SOURCE MATERIAL:
▶
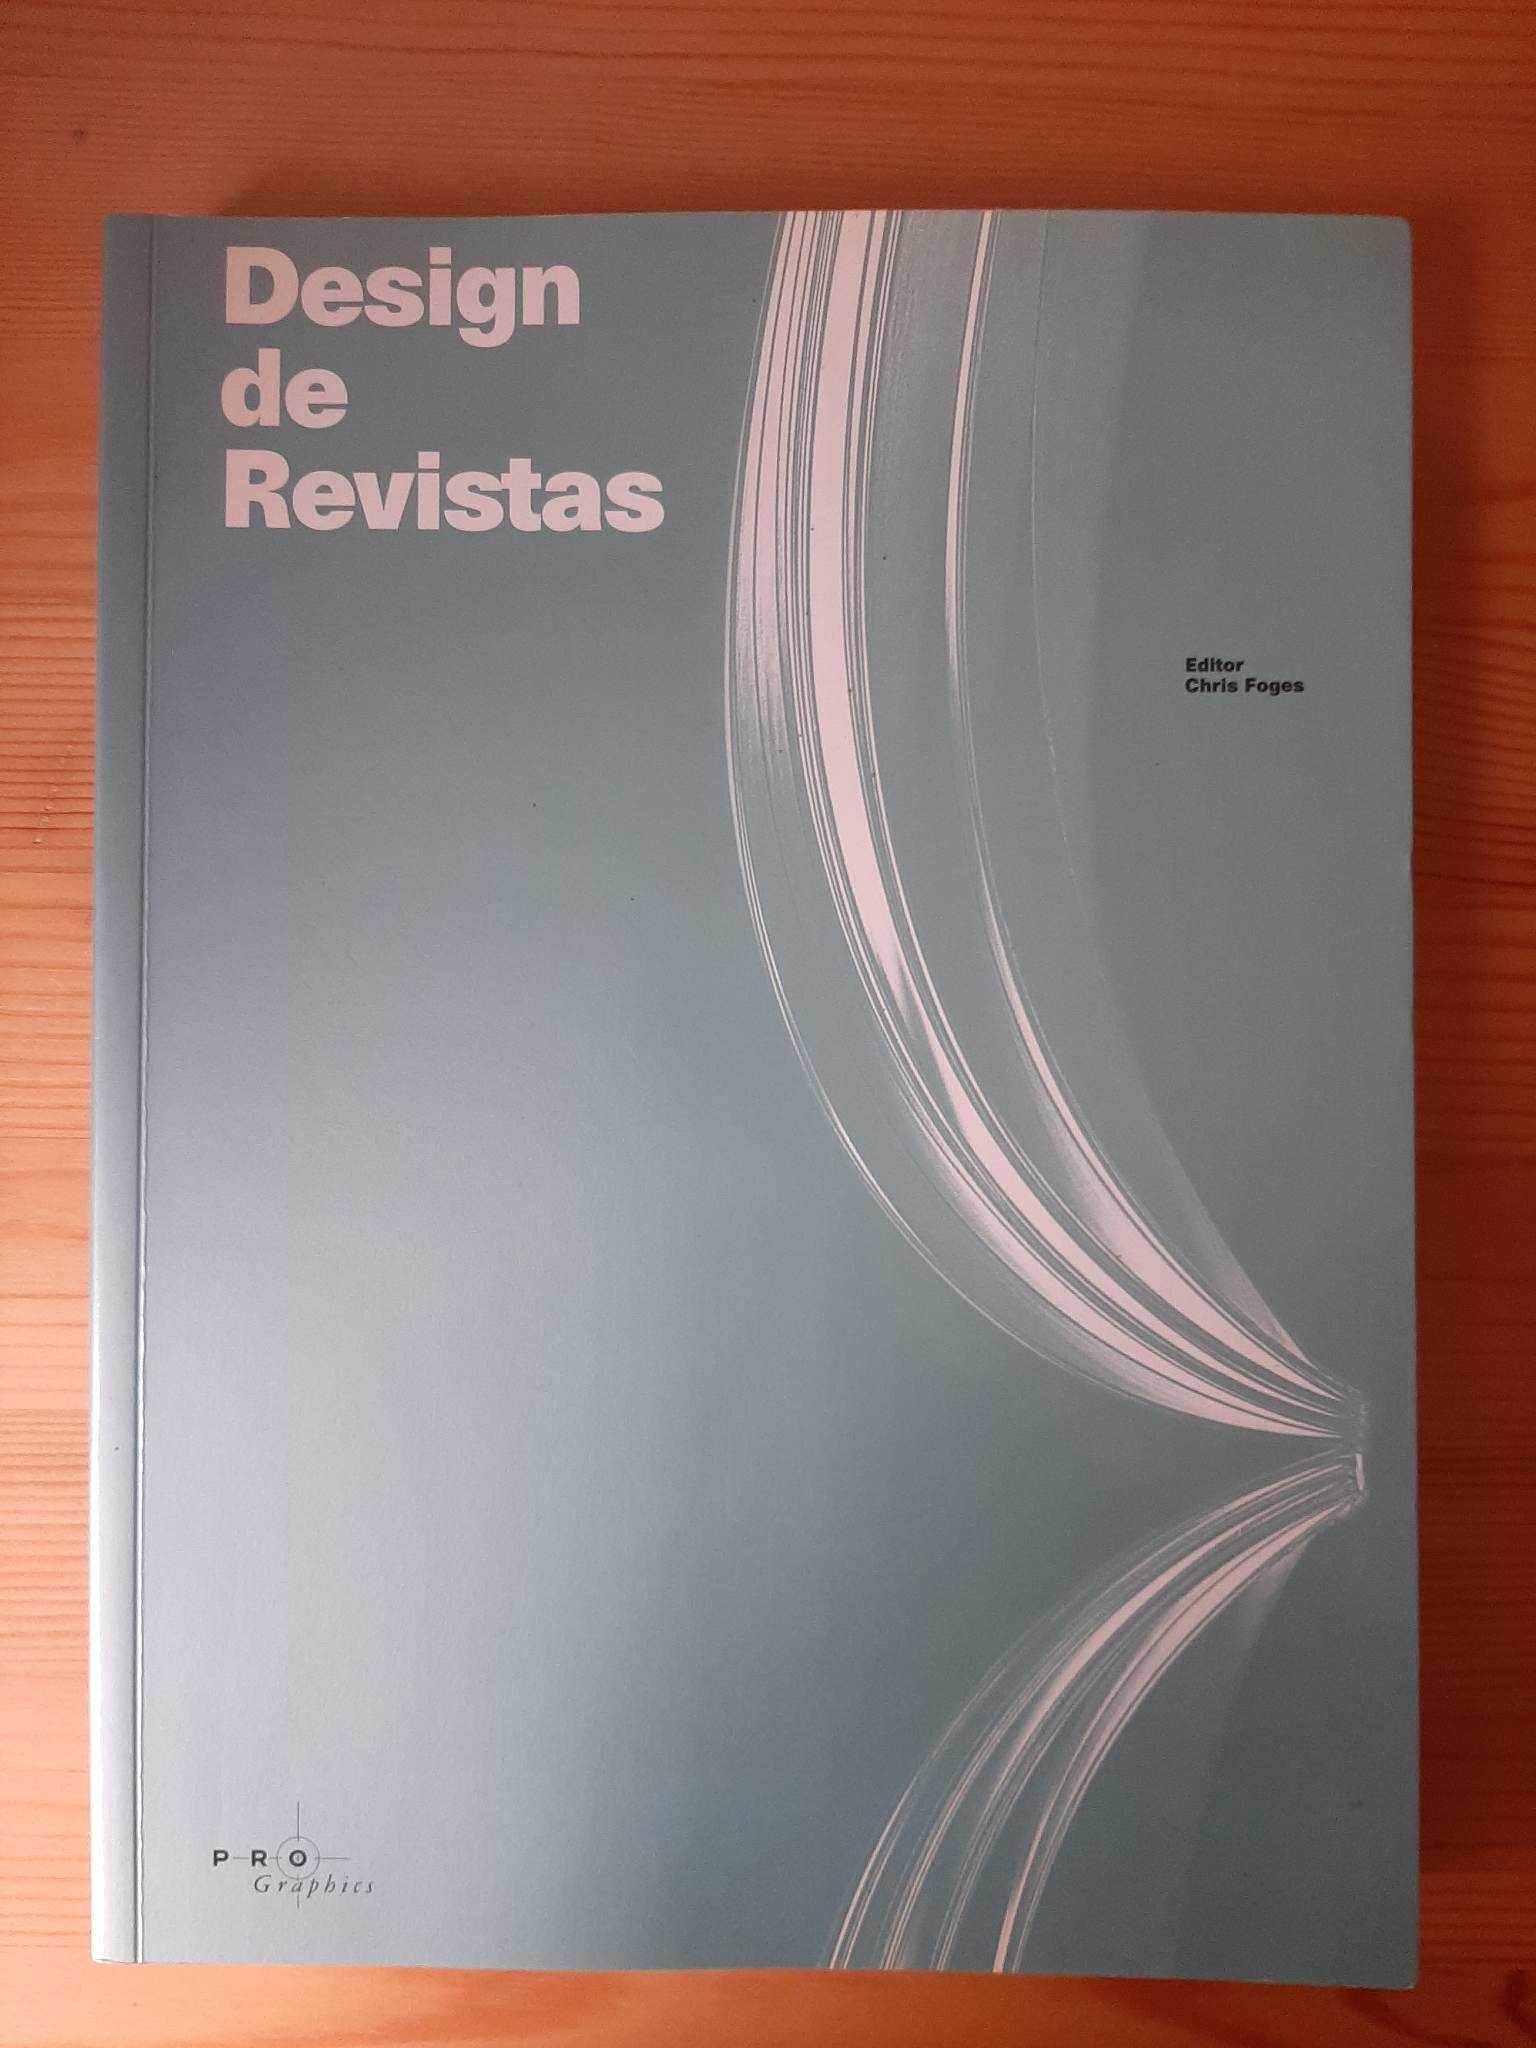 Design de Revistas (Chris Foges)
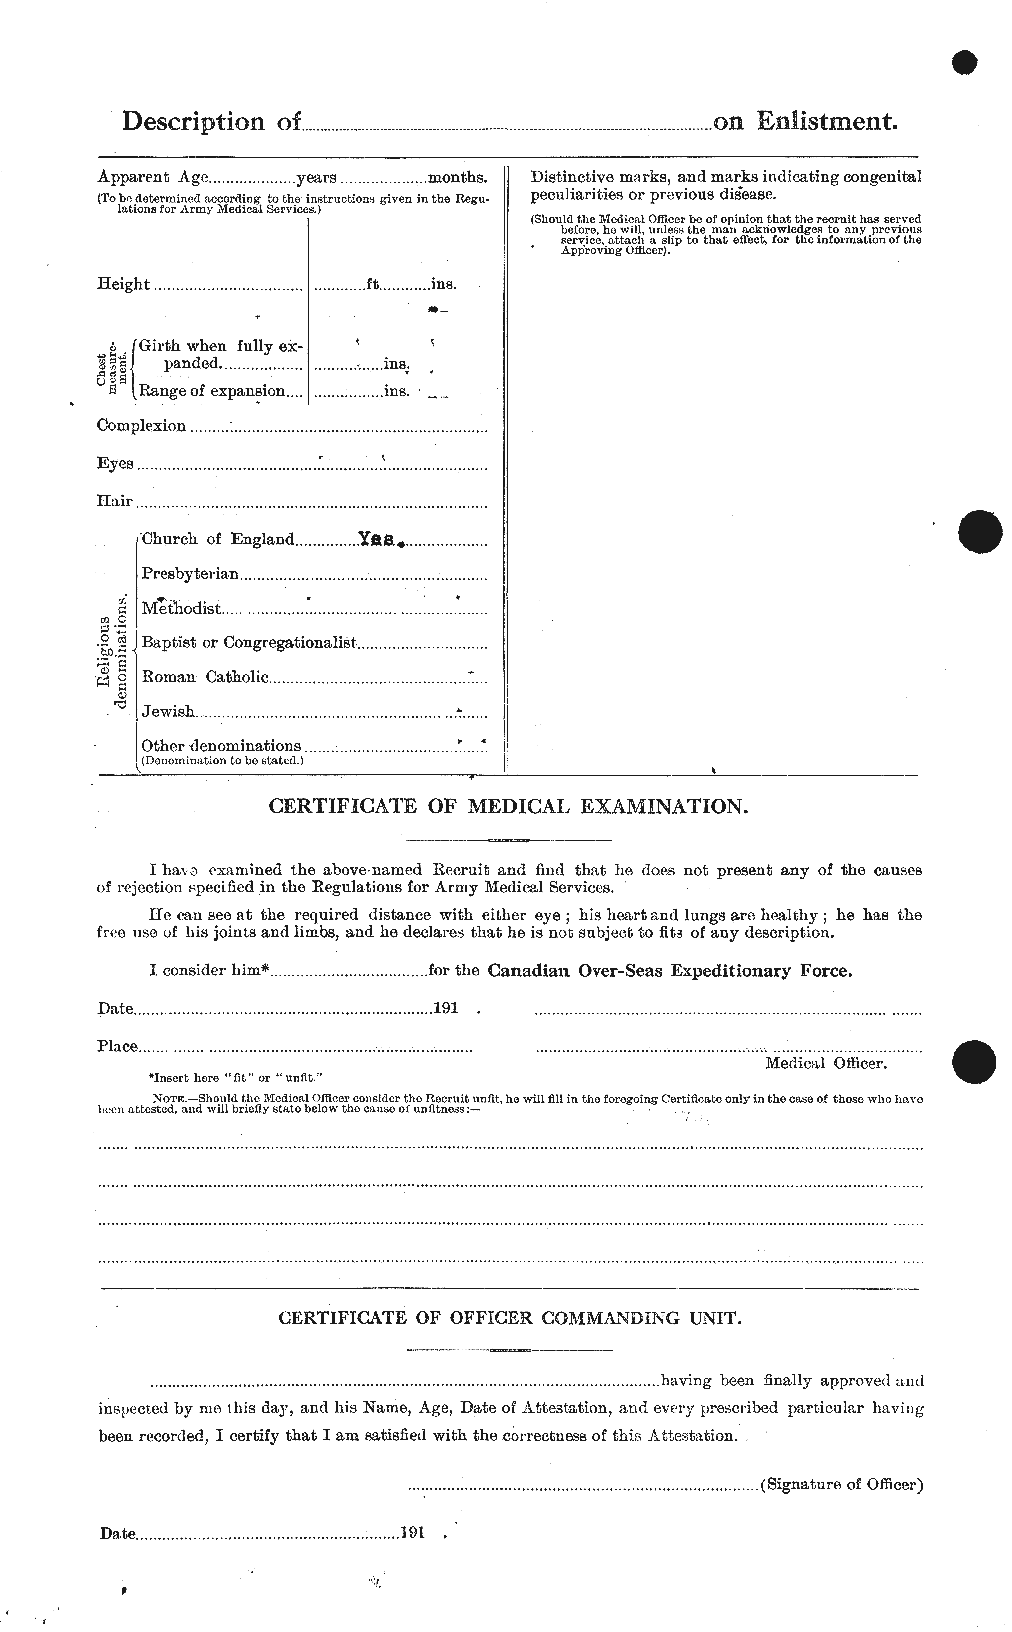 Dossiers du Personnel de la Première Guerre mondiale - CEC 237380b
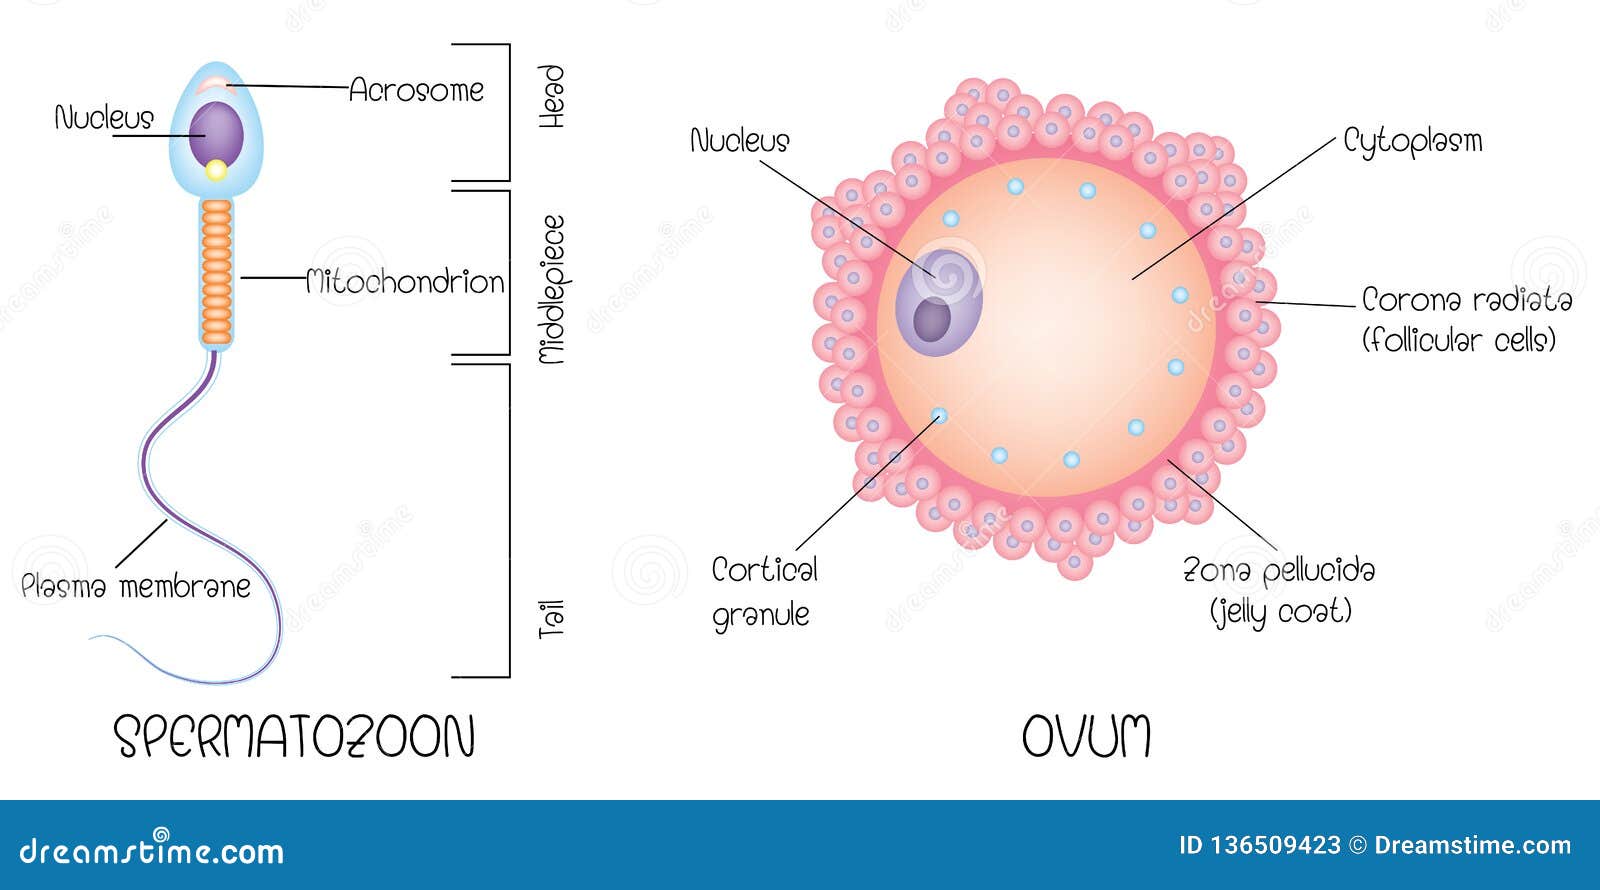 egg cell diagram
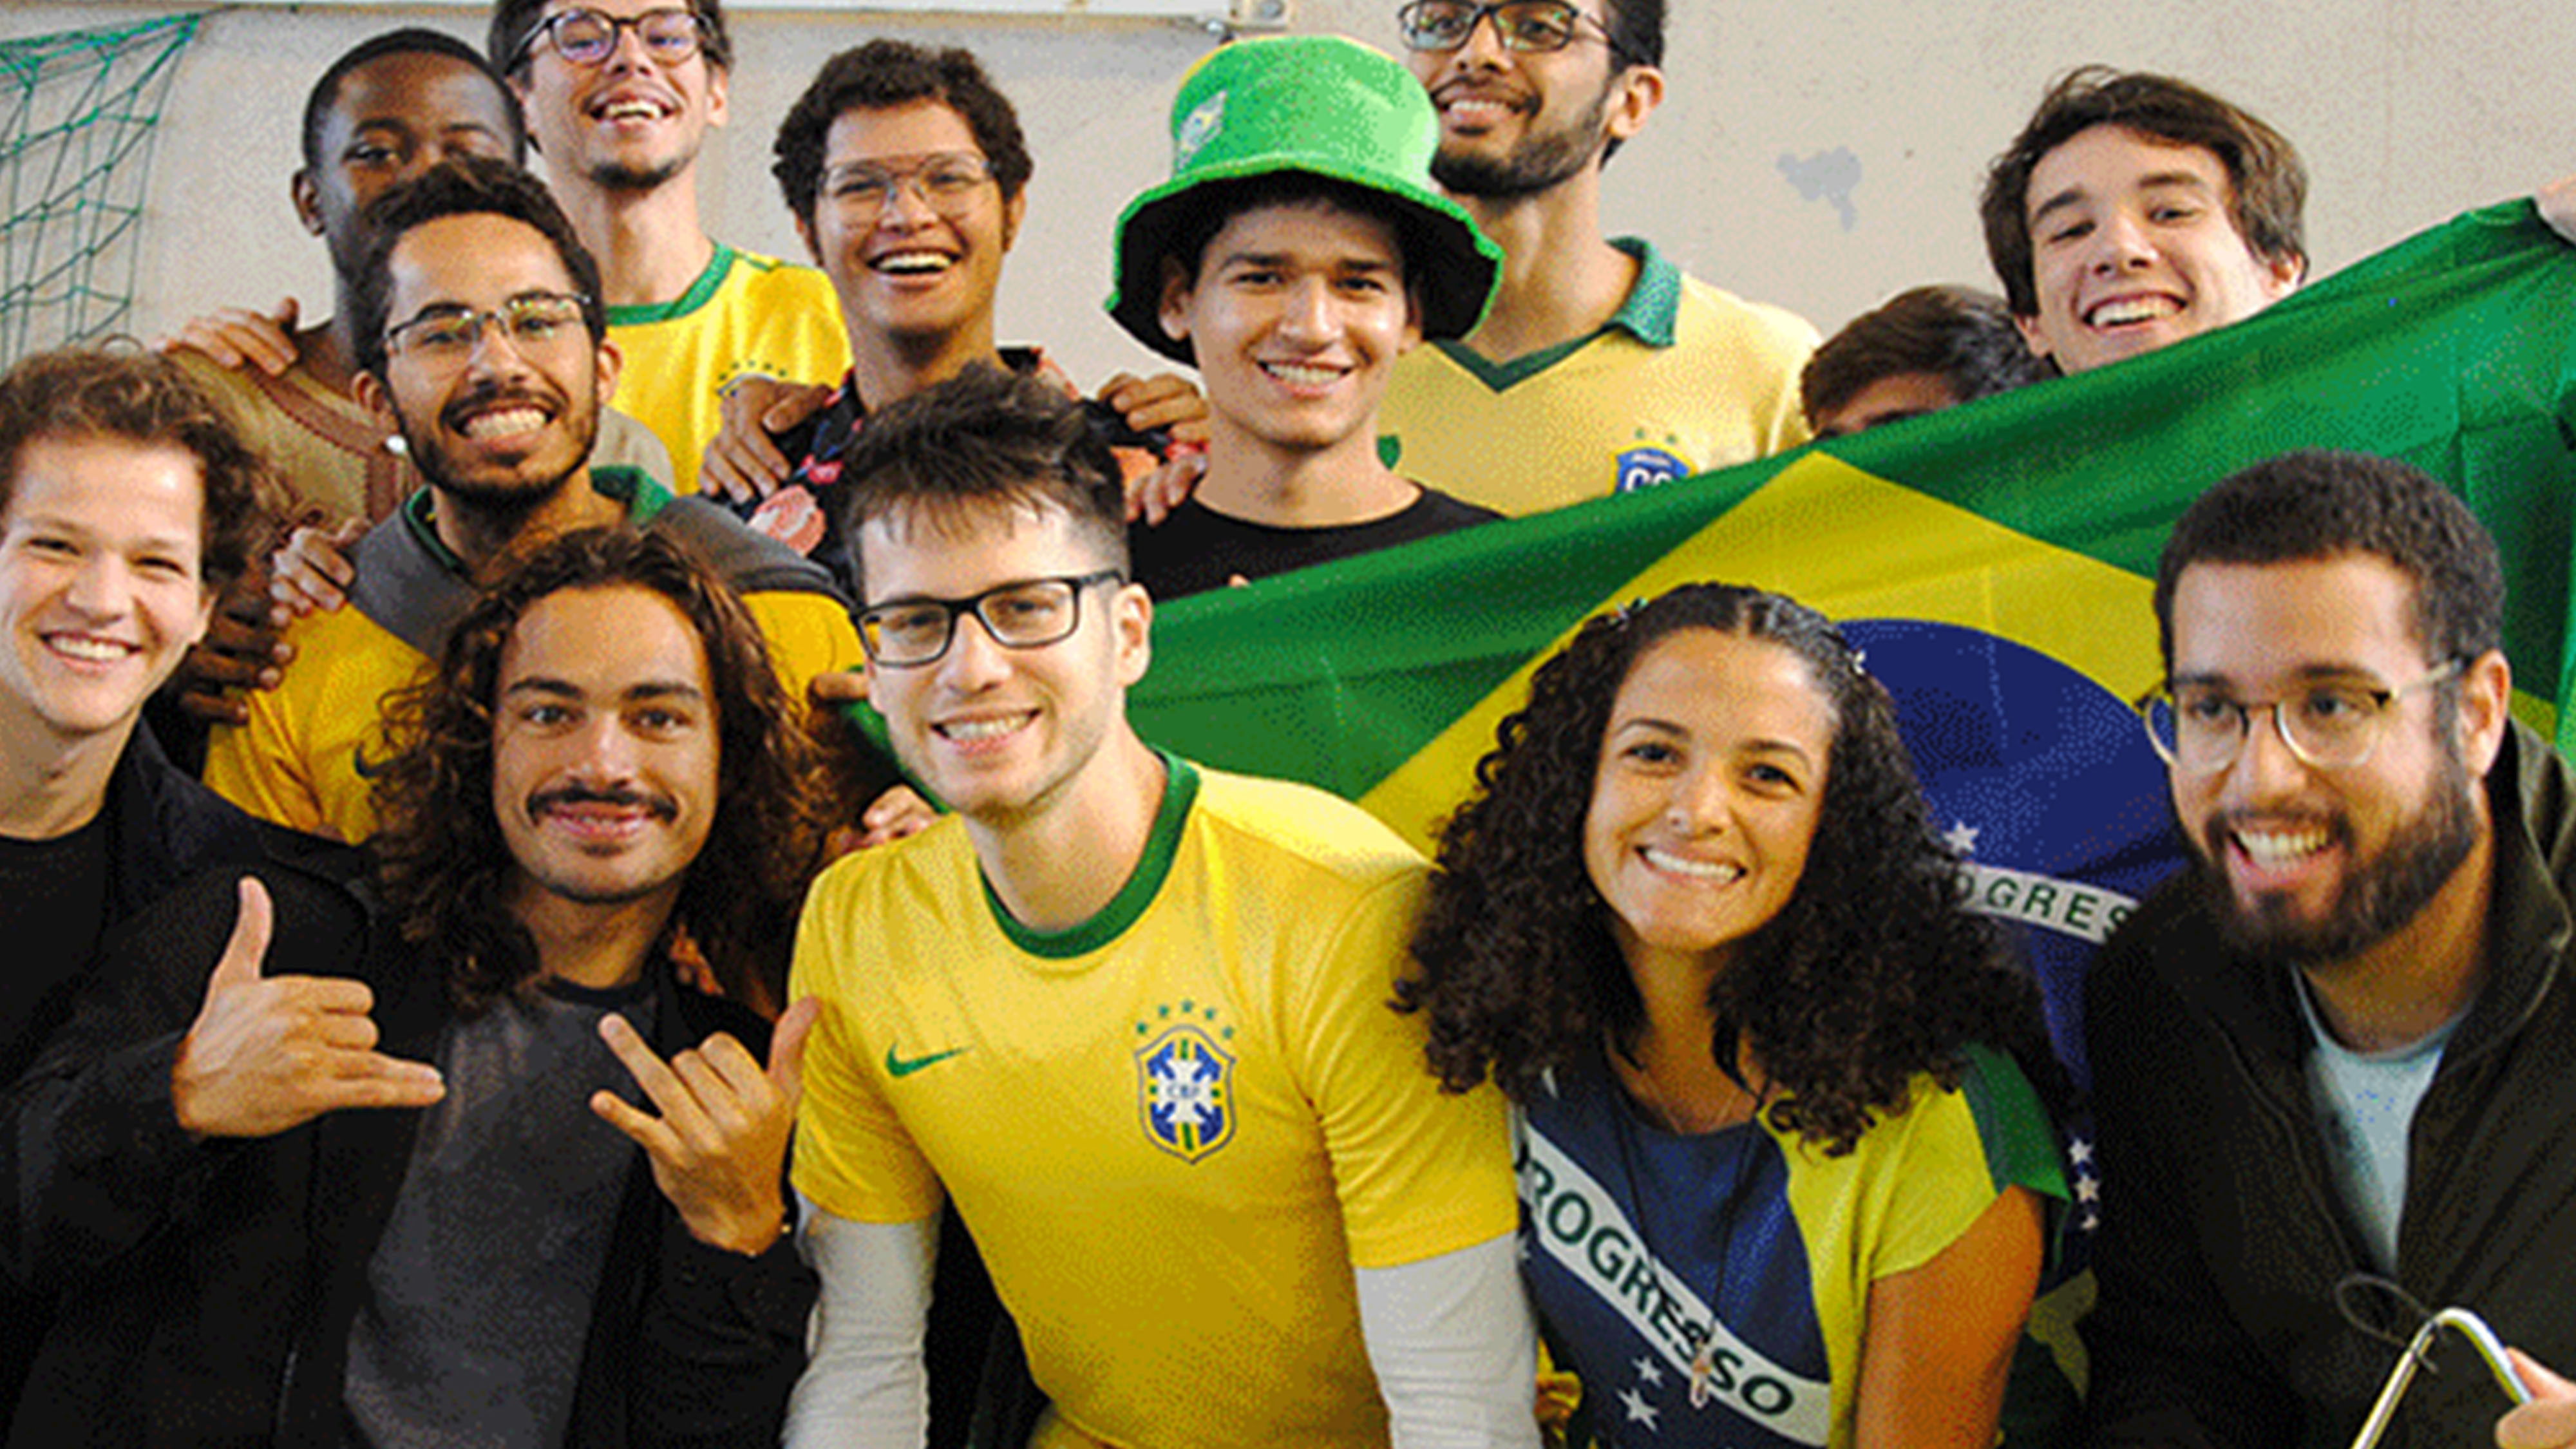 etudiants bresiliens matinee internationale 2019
◀
WORK TO BE COMPLETED: Omitting the images, copy the listing exactly.

RESULT OF THIS TASK:
 Design de Revistas (Chris Foges)
 Dossiers du Personnel de la Première Guerre mondiale - CEC 237380b
 egg cell diagram
 etudiants bresiliens matinee internationale 2019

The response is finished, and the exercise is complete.